# Task brief
Below are the entries. Print only the lines starting at the one with "Plakat owoce - maliny i agrest" and ending at the one with "Книга с 10 кнопкамиМамы", exactly, with no pictures.

# Excerpted records
========================================

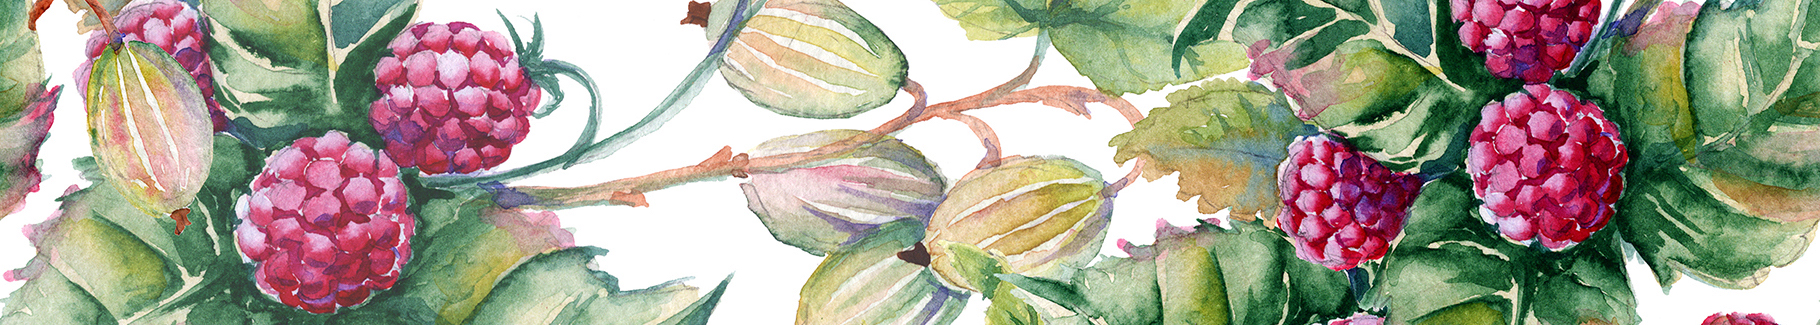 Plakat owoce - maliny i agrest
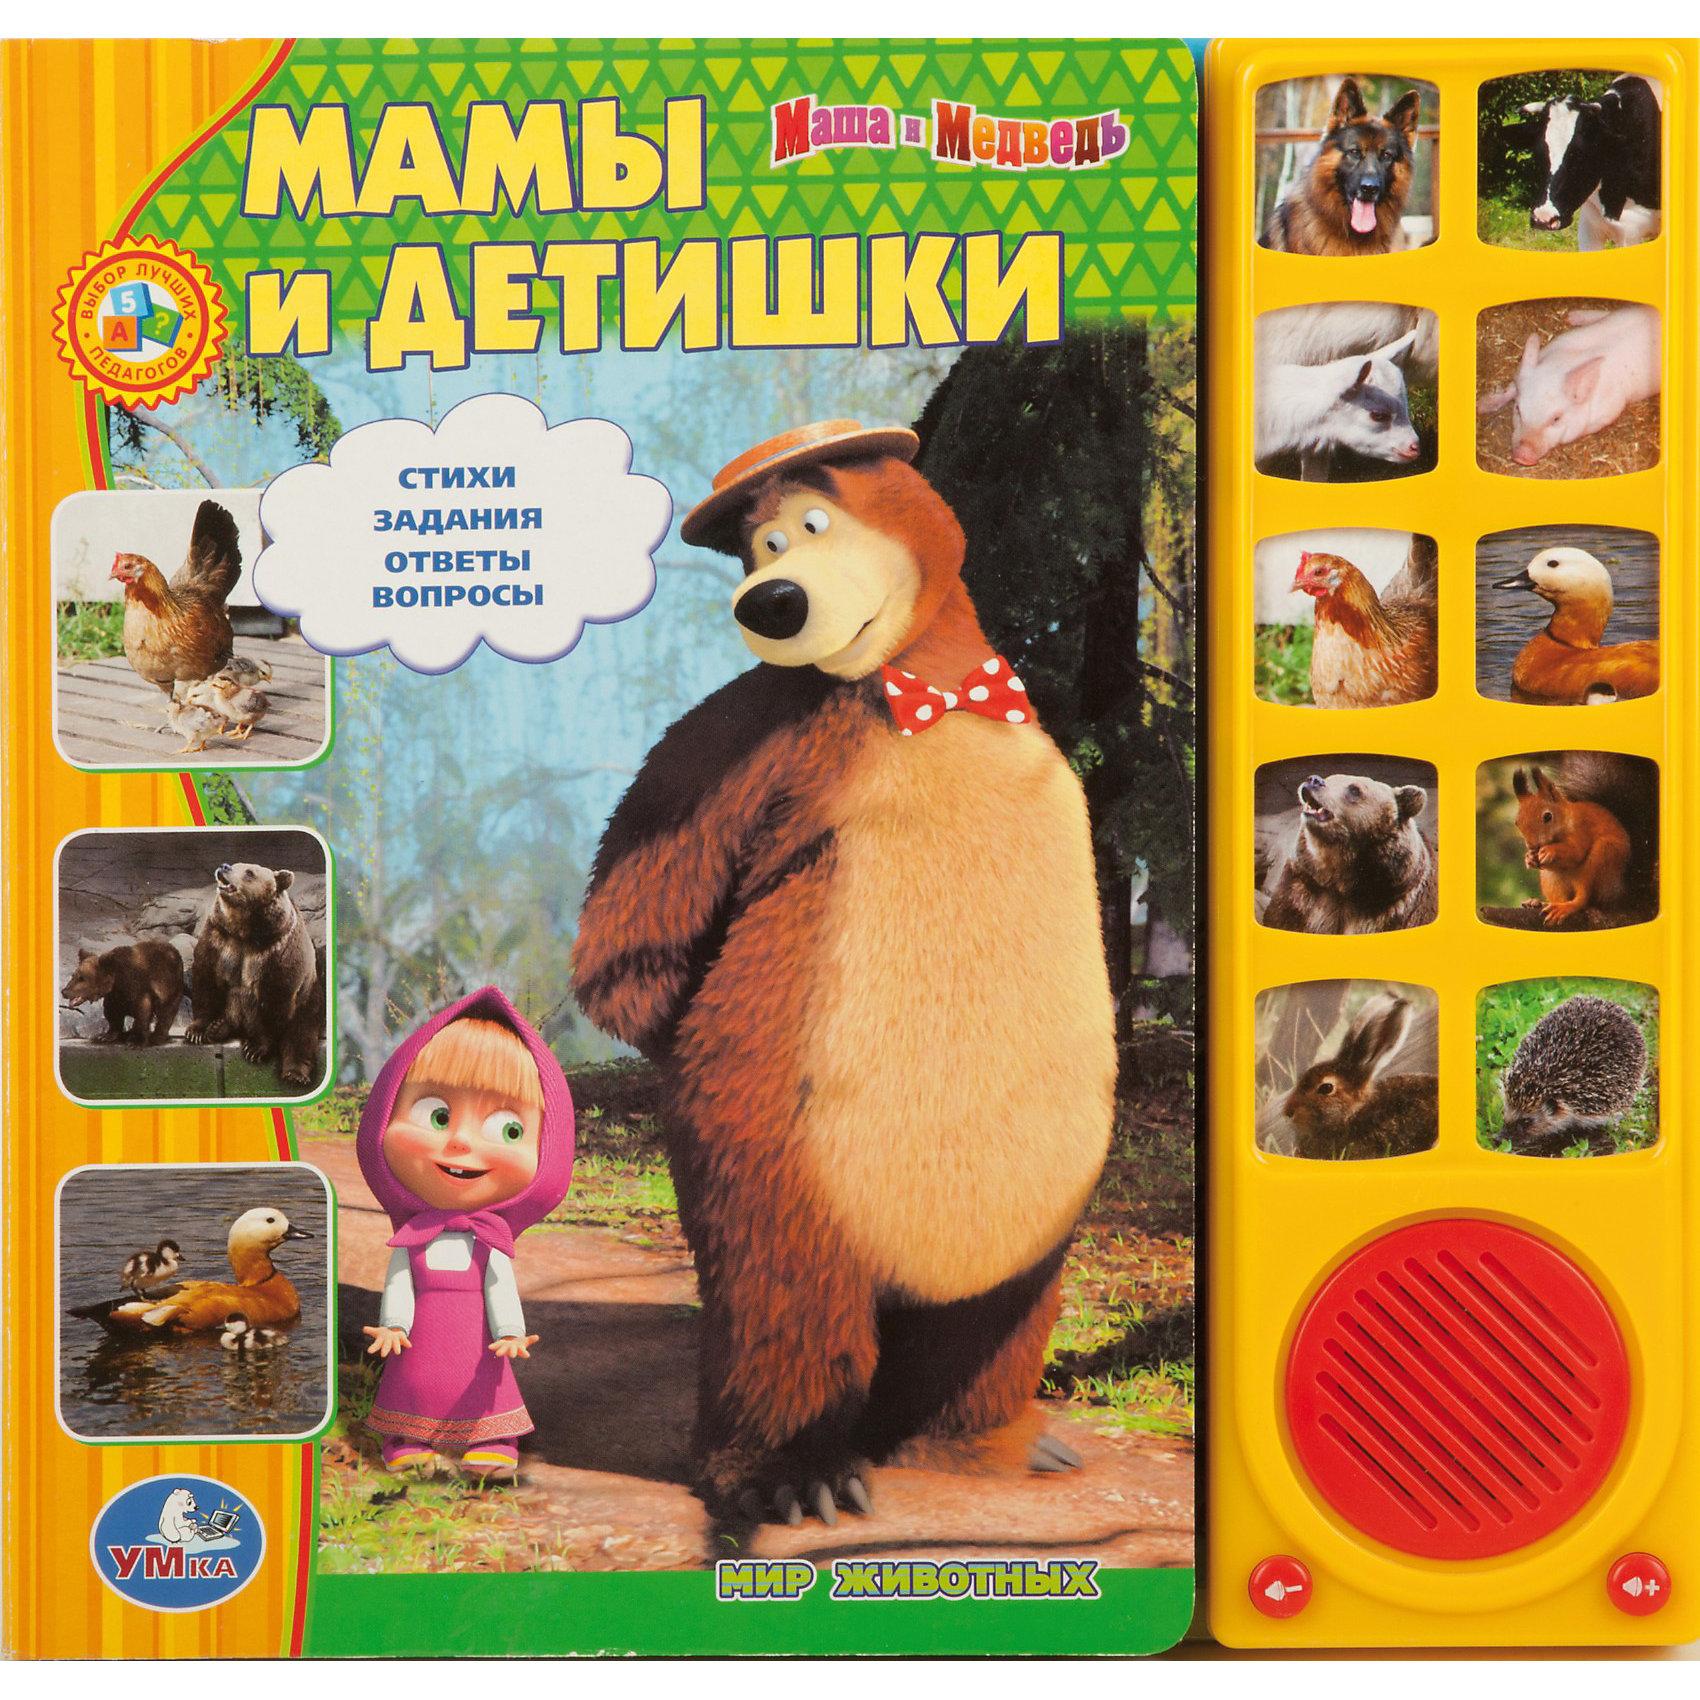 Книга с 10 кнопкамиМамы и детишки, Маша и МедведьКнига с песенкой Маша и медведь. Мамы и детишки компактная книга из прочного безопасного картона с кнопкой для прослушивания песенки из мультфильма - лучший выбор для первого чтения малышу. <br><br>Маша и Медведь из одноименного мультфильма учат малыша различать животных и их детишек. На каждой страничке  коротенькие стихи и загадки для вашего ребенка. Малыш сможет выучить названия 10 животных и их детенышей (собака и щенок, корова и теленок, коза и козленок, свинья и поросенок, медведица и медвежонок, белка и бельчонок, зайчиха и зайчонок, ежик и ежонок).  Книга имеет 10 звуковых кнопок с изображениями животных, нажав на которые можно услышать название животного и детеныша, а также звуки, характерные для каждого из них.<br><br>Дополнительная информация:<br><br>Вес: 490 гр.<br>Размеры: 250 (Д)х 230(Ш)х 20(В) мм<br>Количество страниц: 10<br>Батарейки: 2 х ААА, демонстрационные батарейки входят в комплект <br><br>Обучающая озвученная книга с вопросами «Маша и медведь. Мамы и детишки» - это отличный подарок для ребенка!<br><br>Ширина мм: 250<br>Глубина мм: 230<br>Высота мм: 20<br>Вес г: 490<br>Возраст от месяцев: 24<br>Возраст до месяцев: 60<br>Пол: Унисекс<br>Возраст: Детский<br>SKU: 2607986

========================================

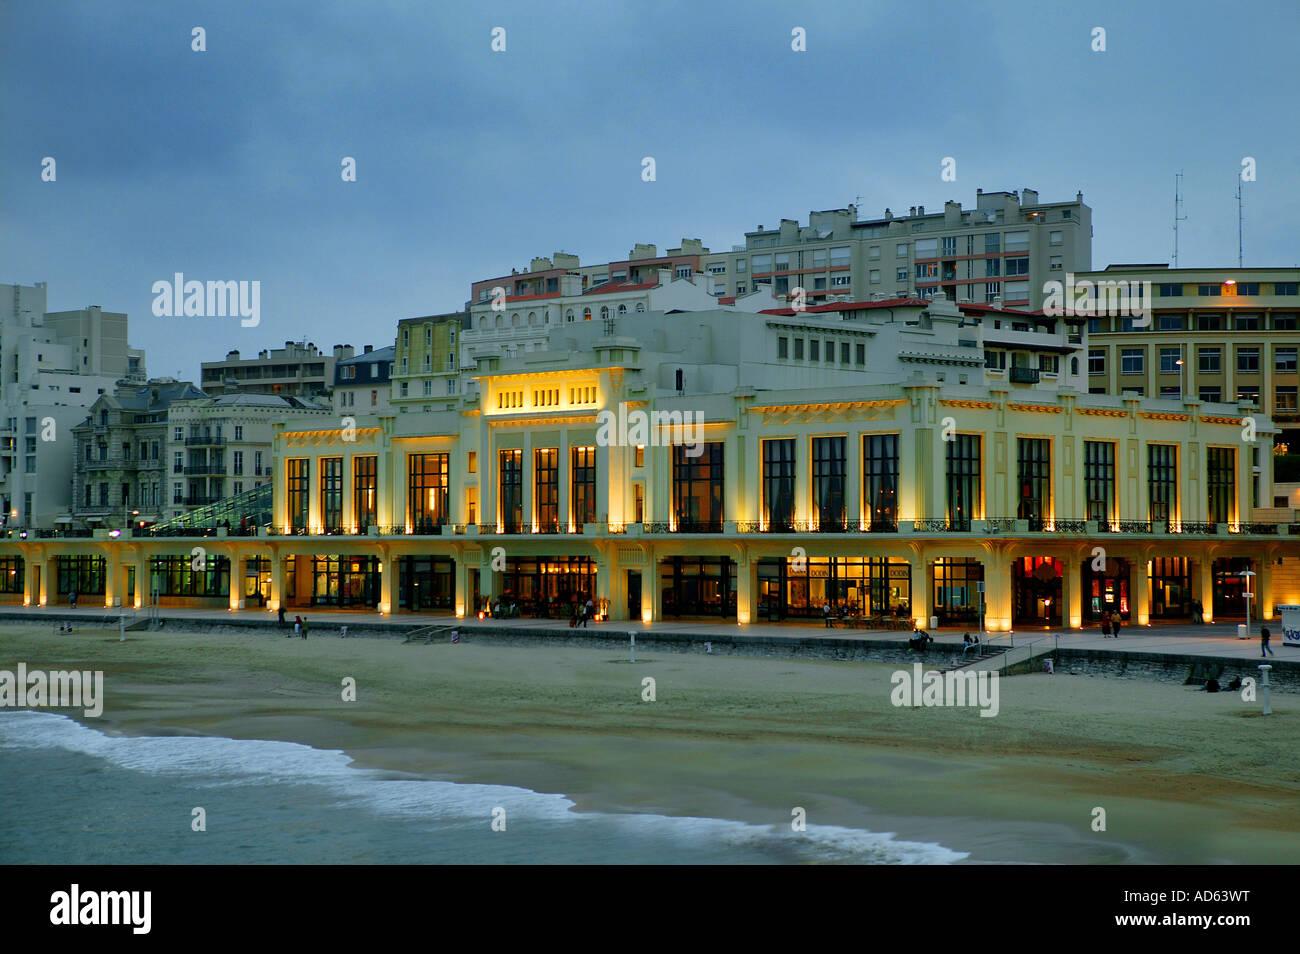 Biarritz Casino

========================================

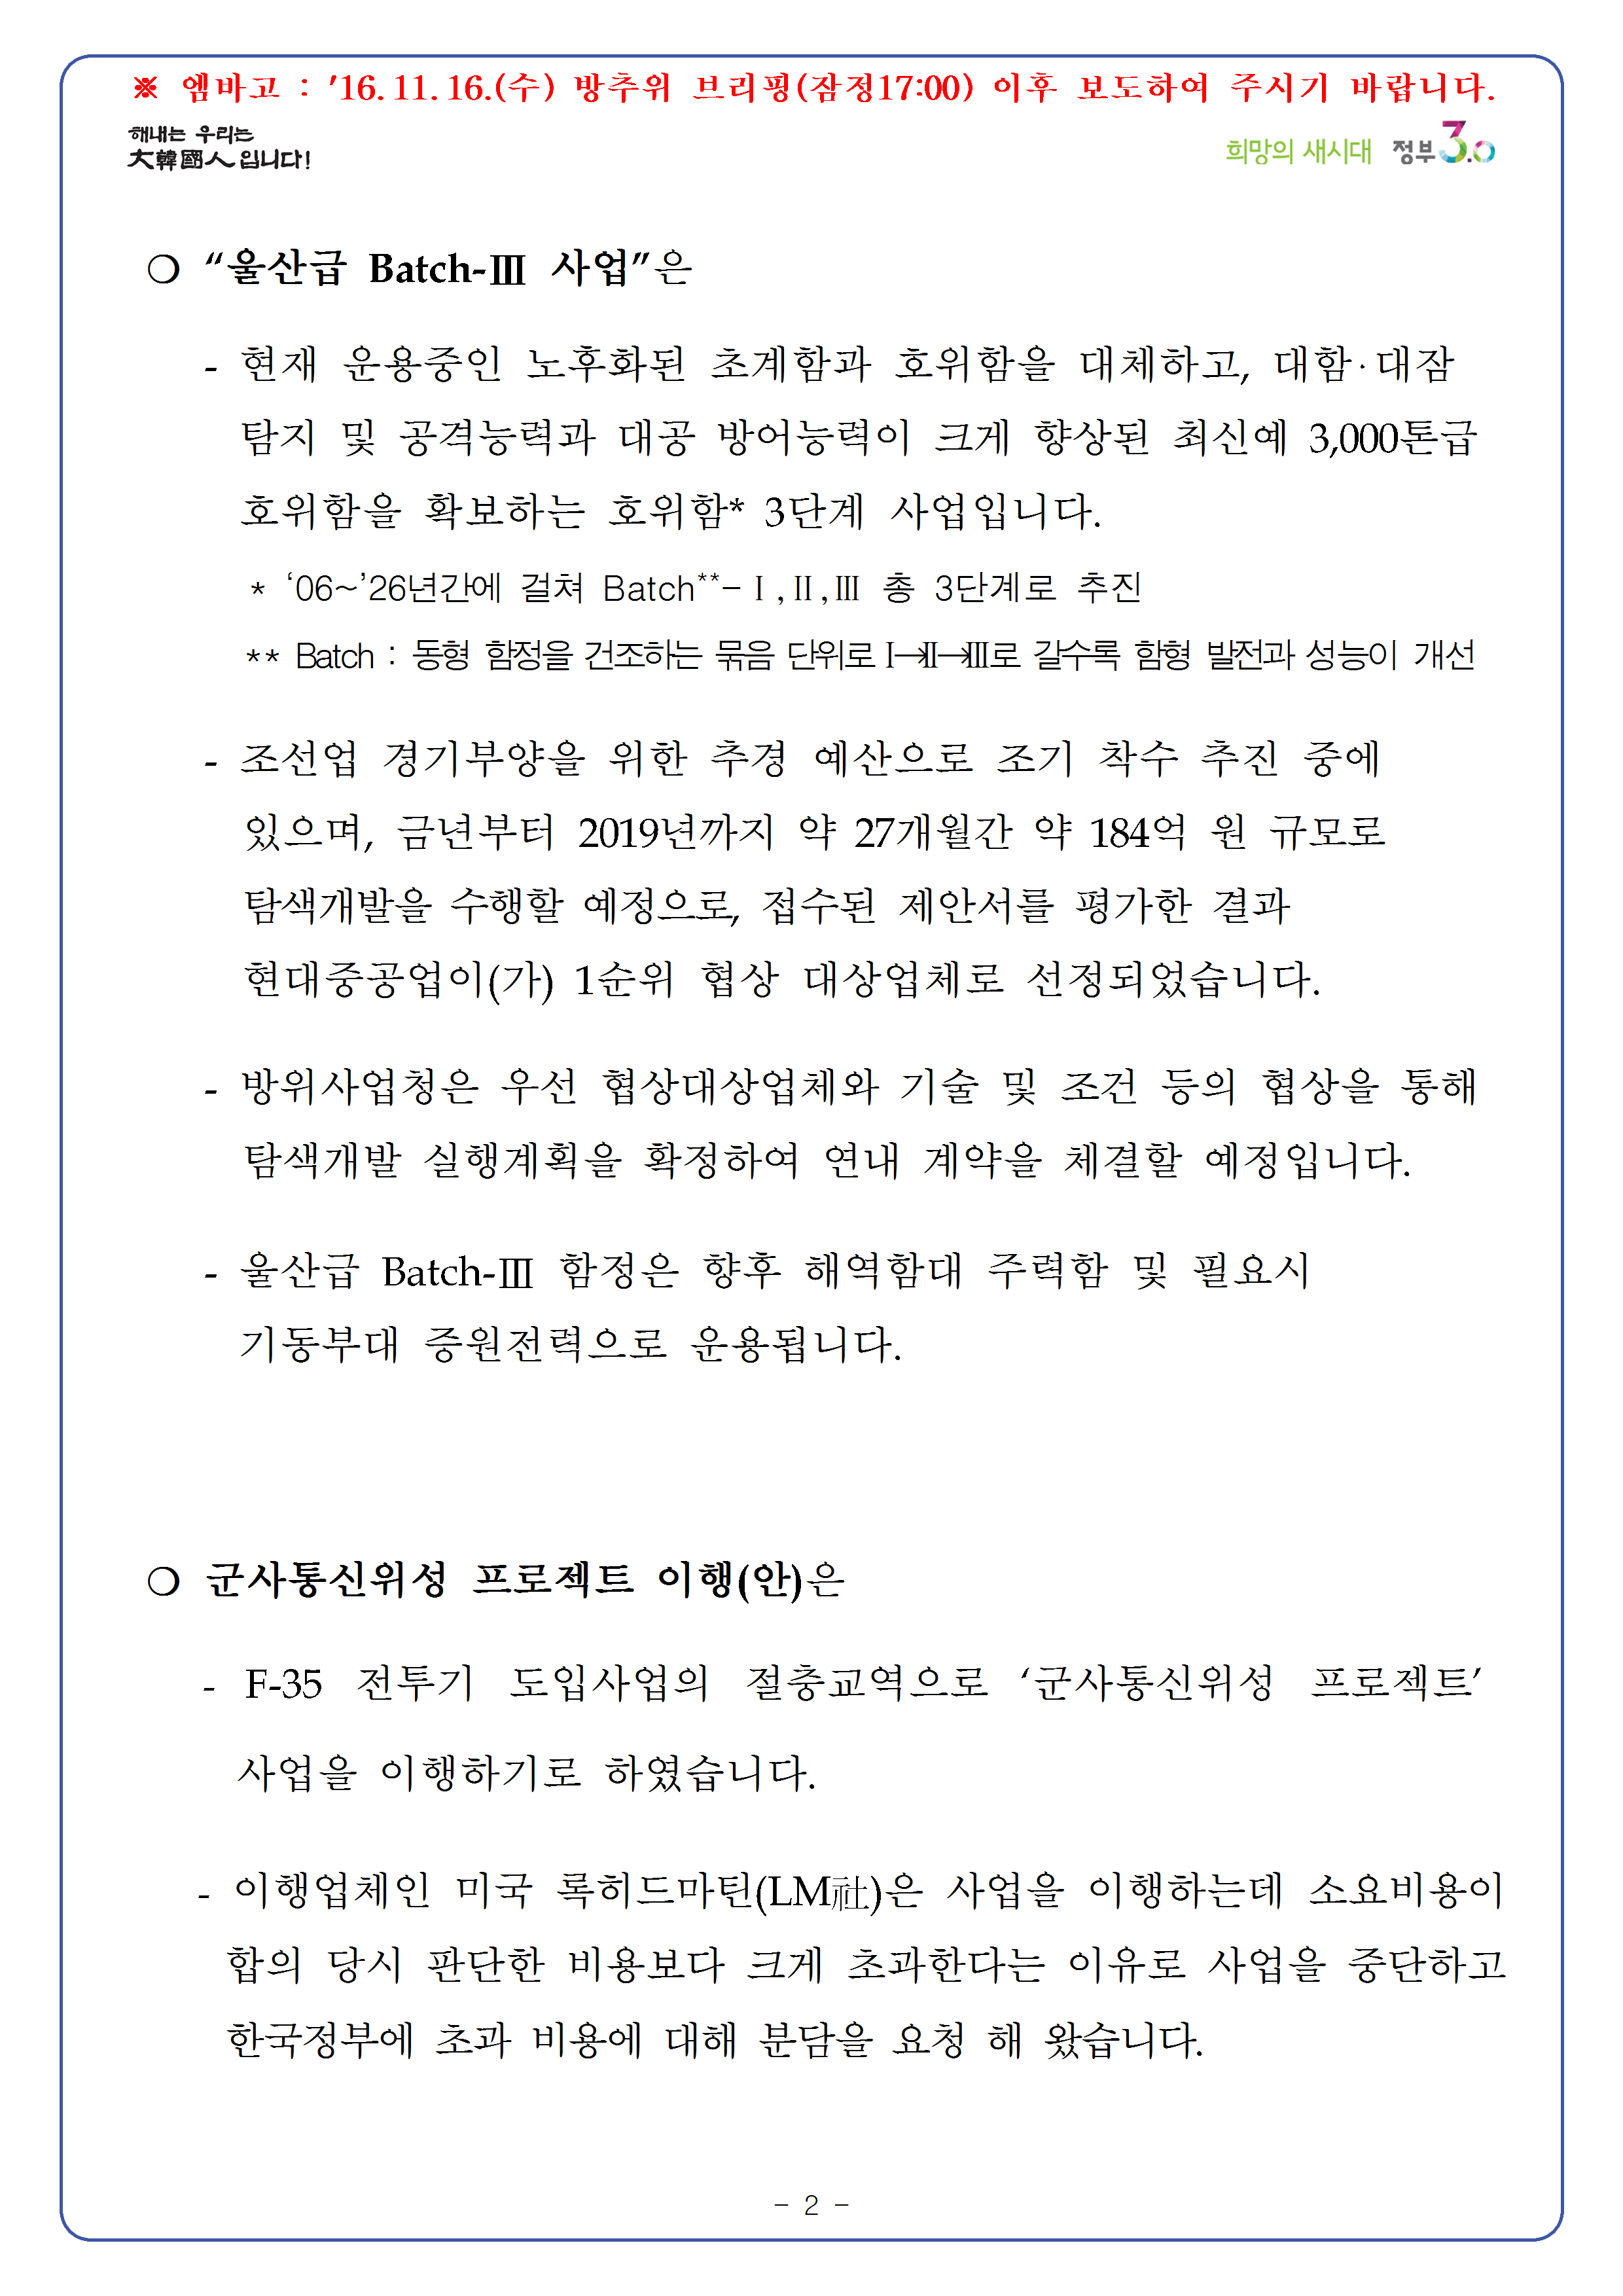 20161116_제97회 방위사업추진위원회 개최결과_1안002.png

========================================

# Task response
 Plakat owoce - maliny i agrest
 Книга с 10 кнопкамиМамы и детишки, Маша и МедведьКнига с песенкой Маша и медведь. Мамы и детишки компактная книга из прочного безопасного картона с кнопкой для прослушивания песенки из мультфильма - лучший выбор для первого чтения малышу. <br><br>Маша и Медведь из одноименного мультфильма учат малыша различать животных и их детишек. На каждой страничке  коротенькие стихи и загадки для вашего ребенка. Малыш сможет выучить названия 10 животных и их детенышей (собака и щенок, корова и теленок, коза и козленок, свинья и поросенок, медведица и медвежонок, белка и бельчонок, зайчиха и зайчонок, ежик и ежонок).  Книга имеет 10 звуковых кнопок с изображениями животных, нажав на которые можно услышать название животного и детеныша, а также звуки, характерные для каждого из них.<br><br>Дополнительная информация:<br><br>Вес: 490 гр.<br>Размеры: 250 (Д)х 230(Ш)х 20(В) мм<br>Количество страниц: 10<br>Батарейки: 2 х ААА, демонстрационные батарейки входят в комплект <br><br>Обучающая озвученная книга с вопросами «Маша и медведь. Мамы и детишки» - это отличный подарок для ребенка!<br><br>Ширина мм: 250<br>Глубина мм: 230<br>Высота мм: 20<br>Вес г: 490<br>Возраст от месяцев: 24<br>Возраст до месяцев: 60<br>Пол: Унисекс<br>Возраст: Детский<br>SKU: 2607986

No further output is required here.